In 2016, the Supreme Court had to decide whether “involving a minor” limited just the third type of crime below or the other two types as well.

That case was Lockhart v. United States.

Five years later, the Supreme Court decided whether “using a random or sequential number generator” limited just “produce”—or did it limit “store,” too?

That case is Facebook v. Diguid.

In 2016, the Court, in a 7-2 opinion by Justice Sotomayor, began its analysis with “Consider the text.”

In 2021, the Court, in a 9-0 opinion by Justice Sotomayor, started its analysis with “We begin with the text.”

But then . . . all heck breaks loose.

The 2016 Lockhart Majority

A summary of the “method”:

The doctrine of the last antecedent says that “involving a minor” modifies only the last of the items on the list.

The statutory phrase functions a bit like this: “a defensive catcher, a quick-footed shortstop, or a pitcher from last year’s World Champion Kansas City Royals.” Everyone hearing that phrase would know that the pitcher must hale from the Royals while the catcher and the shortstop need not.

That said, the last-antecedent rule isn’t absolute. “Other indicia of meaning” can trump it. Sometimes.

At the same time, the good news is that our last-antecedent-based reading also makes good sense! Just look at other parts of the Criminal Code—the similarity between the “involving a minor” provision and other criminal statutes must be “more than a coincidence.”

Sure, in other statutory cases we have invoked other canons, like the series-qualifier principle, which would admittedly yield the opposite result here. It’s a perfectly decent canon, but it’s not quite “a countervailing grammatical mandate.” At least not here.

Not to mention that applying the “involving a minor” phrase to just the third type of crimes would help save the statute from itself: It affords us just the right degree of redundancy between the three predicate state crimes, making them different enough from one another but not too different.

In any event, we can’t really interpret the meaning of this provision in light of “how people ordinarily speak and write.” After all, the statute has “odd repetition and inelegant phrasing,” so it’s not like “everyday” speech.

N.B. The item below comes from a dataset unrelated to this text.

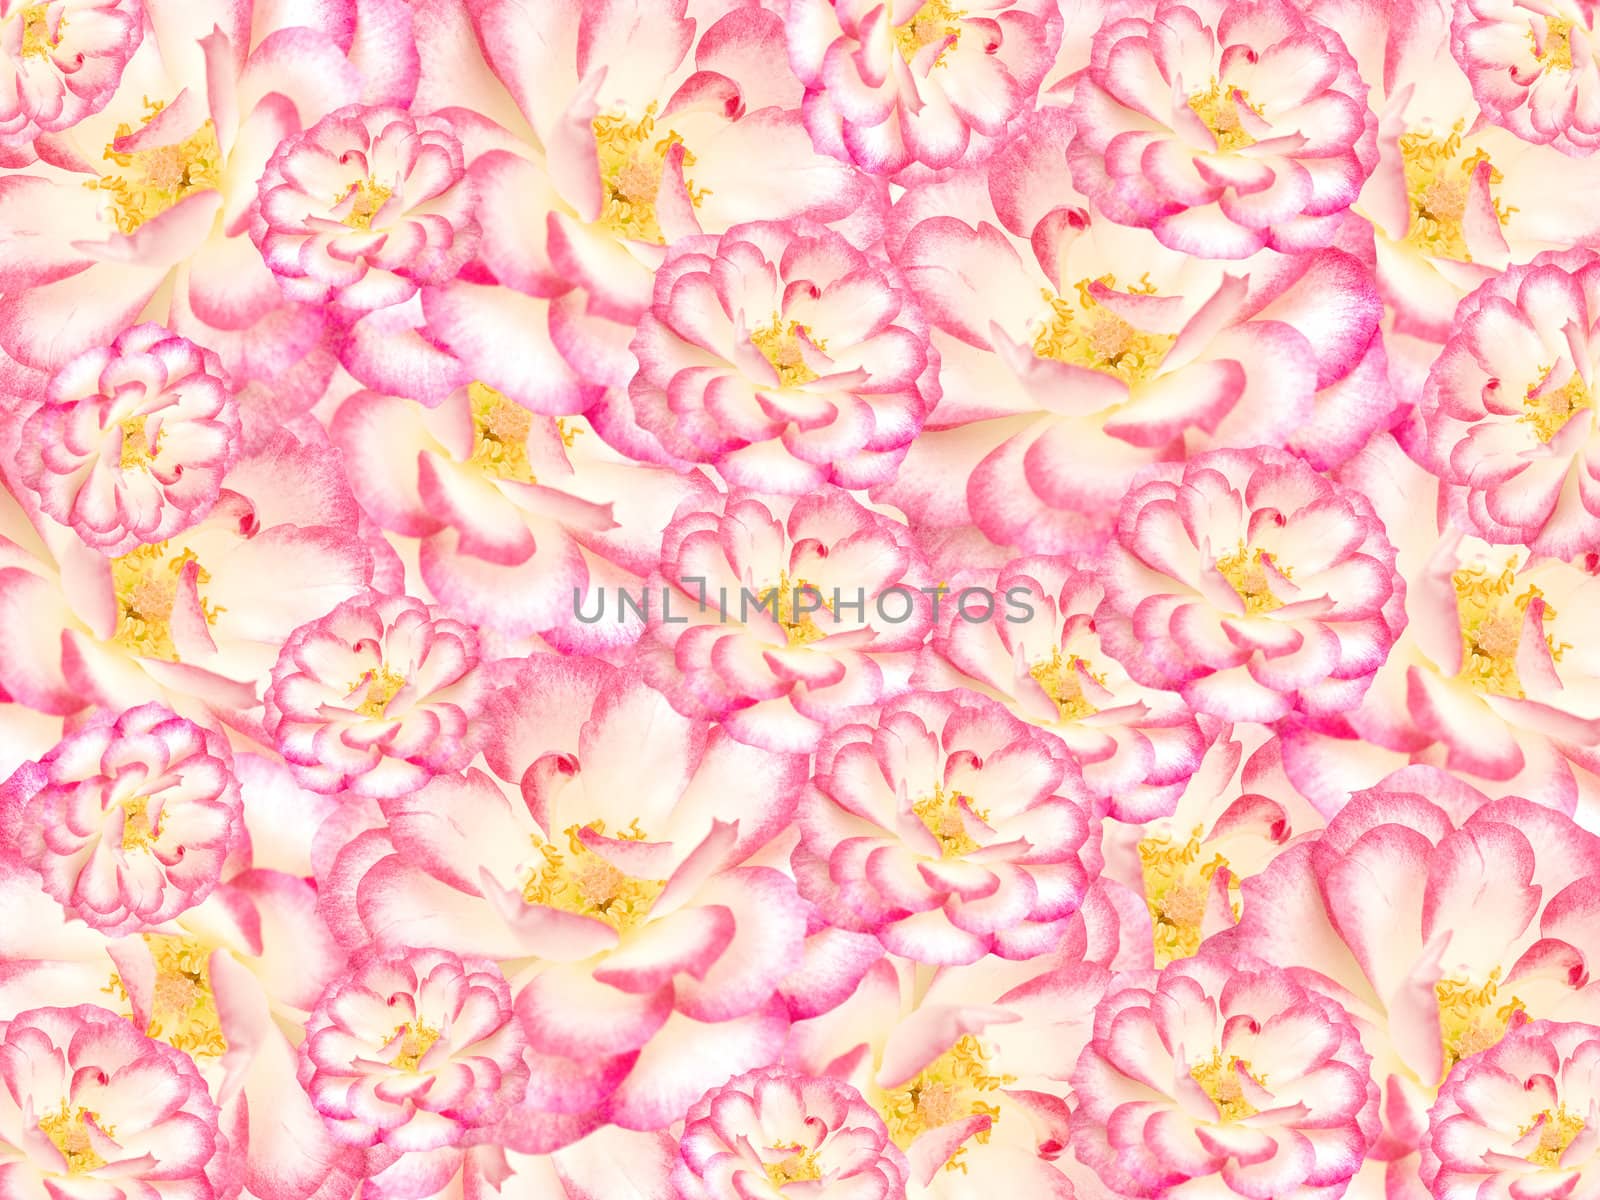 floral flower textured background, pink white and yellow by sherj

Not even the speech of “an average lawyer.” So the plain meaning of the statute has to derive from . . . some other source. (Editorial hypothesis: the speech of an above-average lawyer?)

The 2021 Facebook Majority

A summary of the “method”:

The series-qualifier canon (not, this time, the doctrine of the last antecedent) “generally reflects the most natural reading of a sentence.”

If a teacher said that “students must not complete or check any homework to be turned in for a grade, using online homework-help websites,” the modifying phrase applies to both “complete” and “check,” not just “check.”

Plus the language that comes before the modifier is “concise, integrated.”

Not to mention the comma before “using.” That comma suggests that the modifier modifies both store and produce, not just produce.

Now it’s true that we did invoke the doctrine of the last antecedent in Lockhart. But that doctrine is . . . “context dependent.”

What’s more, any other reading “would take a chainsaw” to the problem Congress was solving when it only “meant to use a scalpel.”

The opposite reading still might have “some appeal,” of course, but only if our reading were “contextually implausible.”

By the way, as far as legislative history, Congress seemed concerned about telemarketing, but not THAT concerned.

Good thing we’re around to interpret what Congress writes.

A good thing indeed. How could anyone else step in?